EXERCISE ::
For this exercise, print the listing below exactly, without its pictures.
(RAW DATA begins)
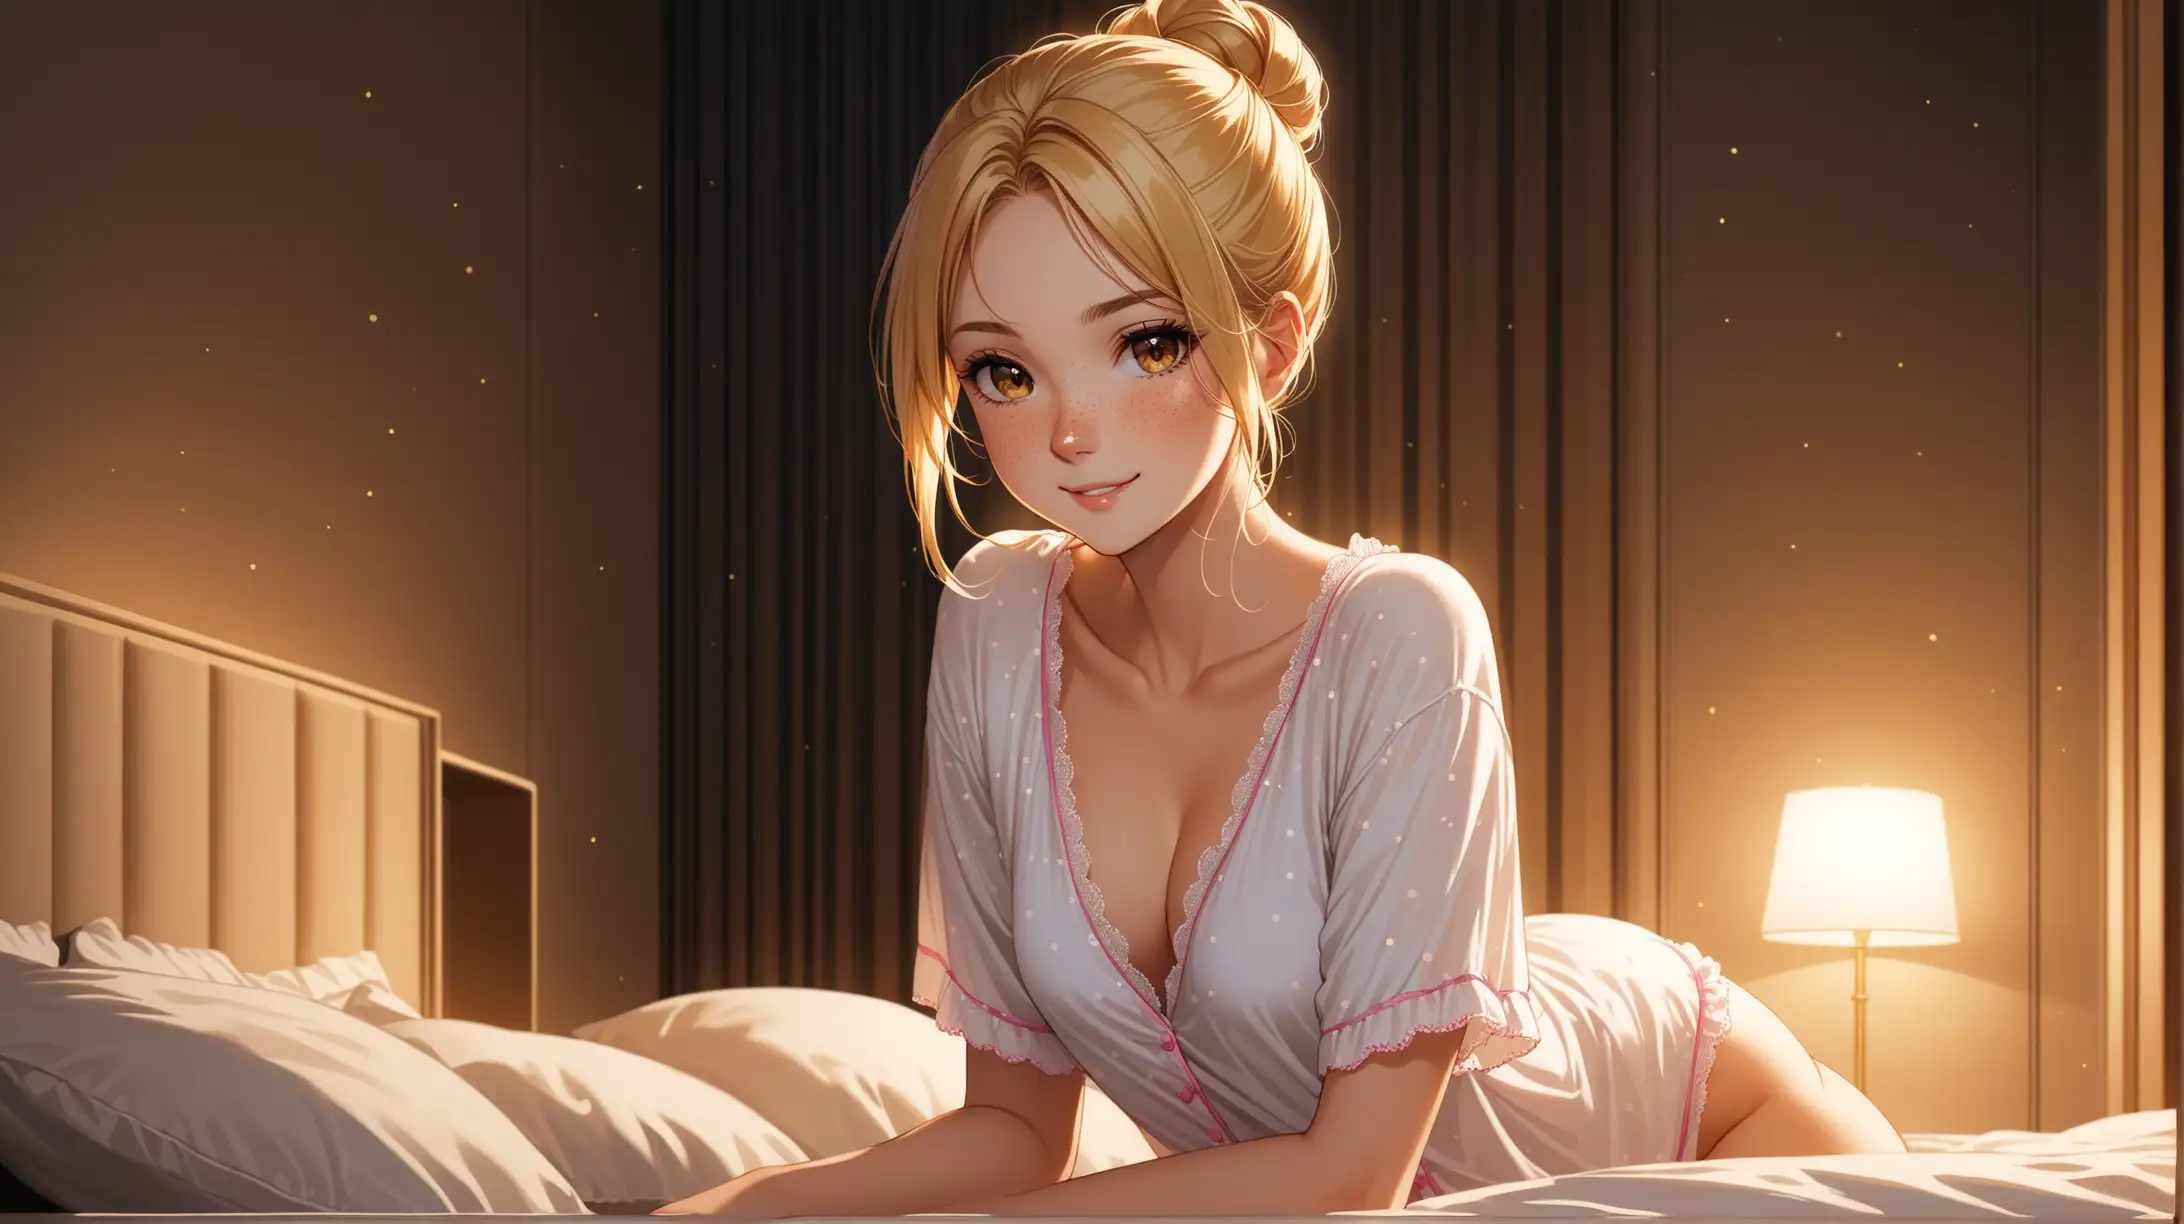 Draw a young woman, long blonde hair in a bun, gold eyes, freckles, perky figure,
sleepwear, high quality, long shot, indoors, bedroom, seductive pose, dark lighting, smiling at the viewer
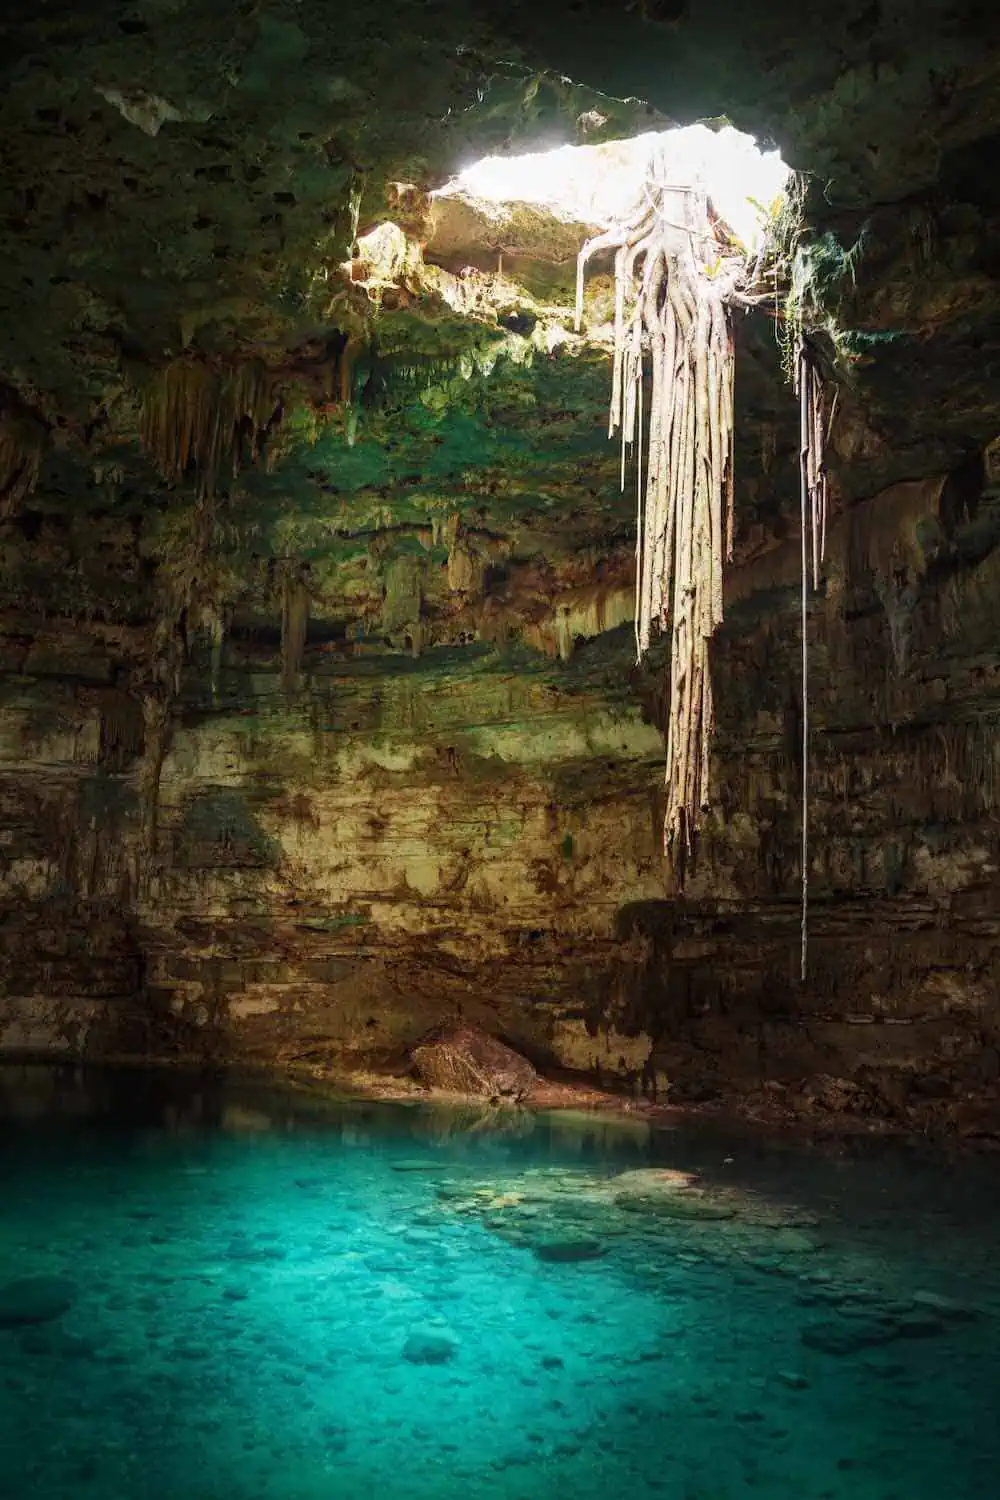 Ik-Kil a blue cenote with opening.
(RAW DATA ends)
FINAL ANSWER ::
 Draw a young woman, long blonde hair in a bun, gold eyes, freckles, perky figure,
sleepwear, high quality, long shot, indoors, bedroom, seductive pose, dark lighting, smiling at the viewer
 Ik-Kil a blue cenote with opening.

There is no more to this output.